The museum’s parent organization, the Lake Shore Railway Historical Society said No. 7764 was last with the Firefighters Education and Training Foundation in Massachusetts as a training locomotive for firefighters.

The unit was built in 1970 at GE’s Erie manufacturing facility located in Lawrence Park, Pennsylvania, as Seaboard Coast Line as No. 1776. It was later renumbered 1813.

“The U36B is a very rare GE locomotive model and we are thankful for its inclusion in our collection,” said society President Ray Grabowski Jr. “Its earlier re-purposing as a training unit just enhances Lake Shore’s educational function. Look for it to continue to be used as a teaching tool here soon.”

The North East, Pennsylvania, museum has eight other GE locomotives and one Heisler in its collection.

Fabled EMD LaGrange Plant Facing Closure

February 6, 2018

Another Midwest locomotive factory may be about to build its last unit.

Progress Rail Services is considering closing the famed Electro Motive Diesel plant in LaGrange, Illinois, and shifting its work to a factory in Winston-Salem, North Carolina.

Some production of engine and locomotive components could be switched to outside suppliers.

“Progress Rail routinely reviews its strategic footprint and, as a result, is evaluating how to use its existing manufacturing space as efficiently as possible to remain a competitive supplier to the rail industry,” said Progress Rail owner Caterpillar in a statement.

Caterpillar has been undertaking a global restructuring that has reduced employment at its many factories.

EMD has a locomotive assembly plant in Muncie, Indiana, and facilities in Brazil and Mexico.

The EMD business traces its history to the 1922 founding in Cleveland by Harold Hamilton and Paul Turner of Electro-Motive Engineering Corporation

It was later renamed Electro-Motive Company and opened a plant in McCook, Illinois.

However, the factory’s mailing address was LaGrange and for decades the facility has been known as “LaGrange.”

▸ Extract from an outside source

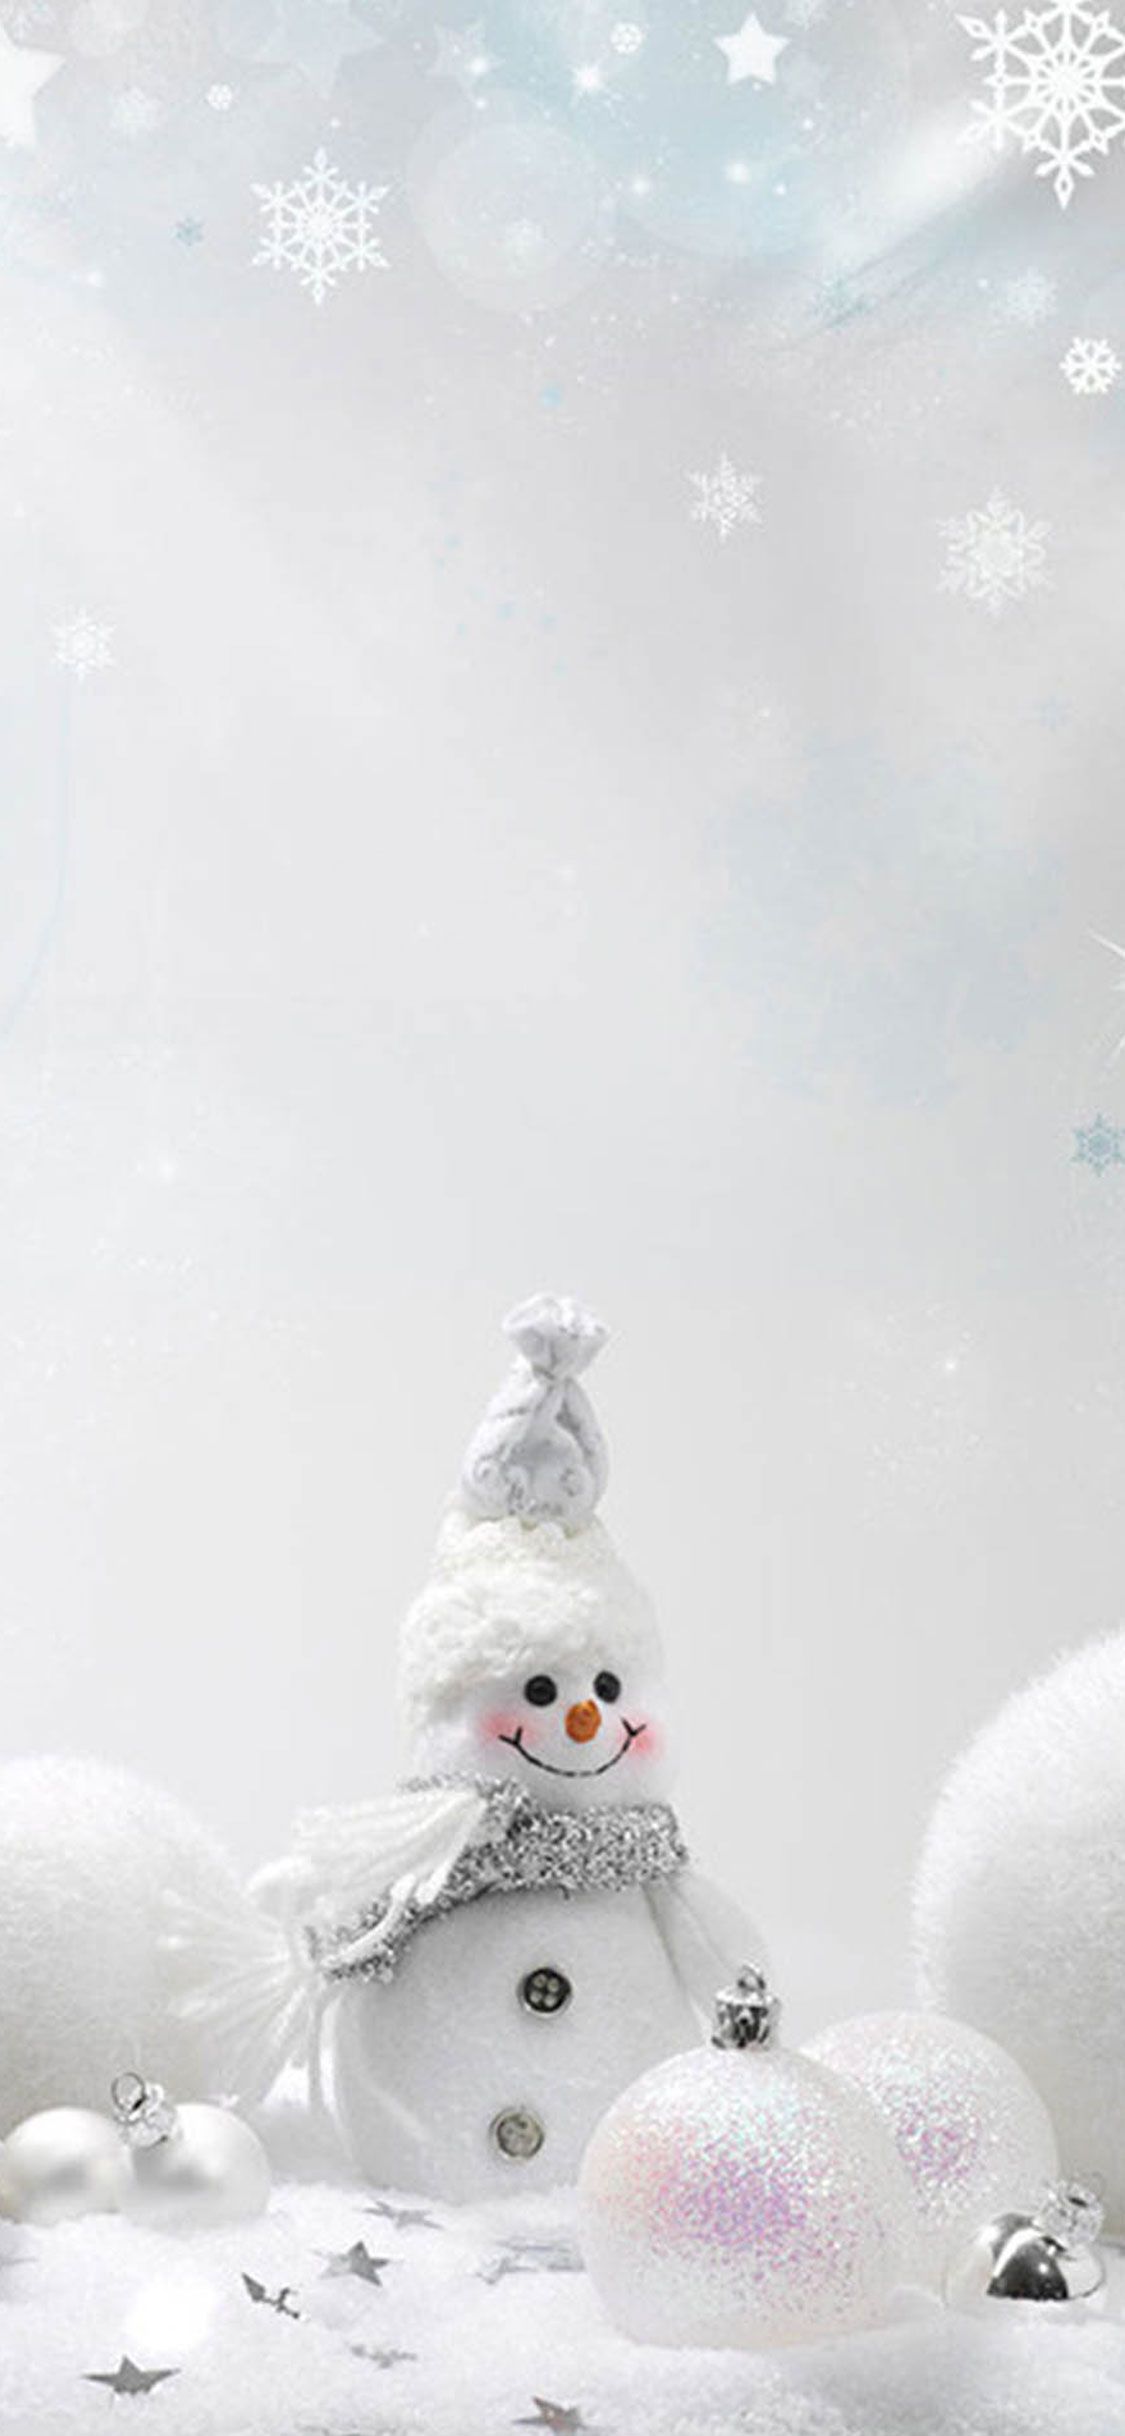 Snow Christmas iPhone Wallpaper Free Snow Christmas iPhone Background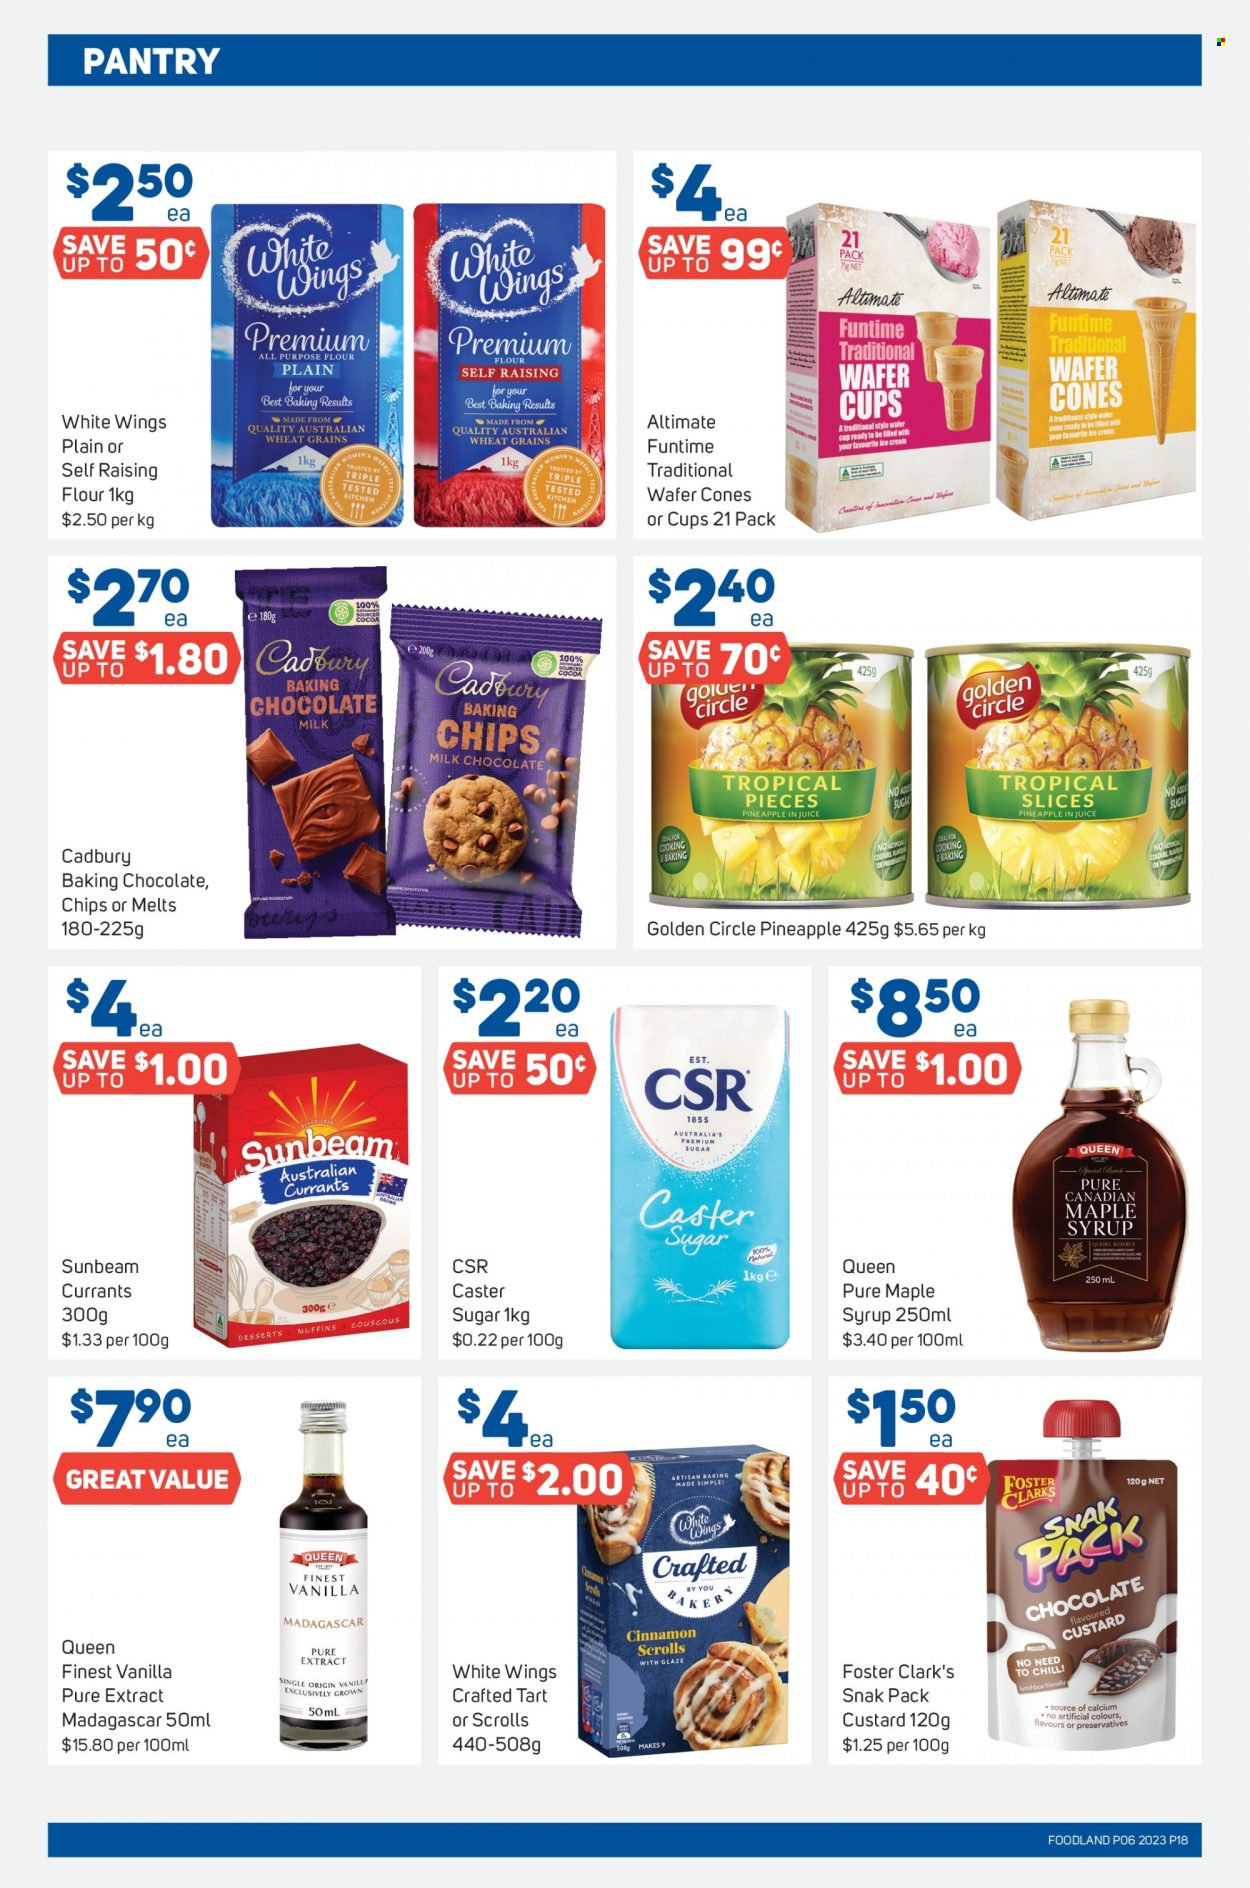 thumbnail - Foodland Catalogue - 8 Feb 2023 - 14 Feb 2023 - Sales products - tart, muffin, White Wings, pineapple, custard, ice cream, milk chocolate, wafers, Cadbury, all purpose flour, flour, sugar, caster sugar, baking chips, couscous, cinnamon, maple syrup, syrup, currants, juice, Sunbeam. Page 18.

It was there that bulldog-nose F series locomotives were created along with other notable locomotive models.

General Motors bought EMC in 1941 and renamed it the Electro-Motive Division of GM.

It was sold to Greenbriar Equity and Berkshire Partners in 2005 and acquired by Progress Rail in 2010.

Last year  General Electric announced plans to shift locomotive assembling from its plant in Lawrence Park, Pennsylvania, near Erie to a newer facility in Fort Worth, Texas.

GE has since said it is seeking to sell its transportation division.

Caterpillar has not said when the LaGrange plant might be closed.

Restored C&O Diesel Arrives at Museum

June 16, 2017

A restored Chespeake & Ohio diesel locomotive painted in the Chessie System livery arrived this week at the Lake Shore Railway Museum in North East, Pennsylvania.

The GE-built B30-7 locomotive was donated by CSX and painted into Chessie colors by the locomotive shop in Huntington, West Virginia.

Built at the GE locomotive assembly plant in Erie in 1980 as C&O No. 8272, the locomotive had been retired by CSX in 2009 as No. 5554.

The museum has seven GE-built locomotives in its collection.

Before being moved to the museum, No. 8272 was displayed at the GE complex in Lawrence Park in a private display.

The factory along with the B&O Railroad Museum in Baltimore assisted in the restoration by providing paint records, logo/lettering information and paint chips.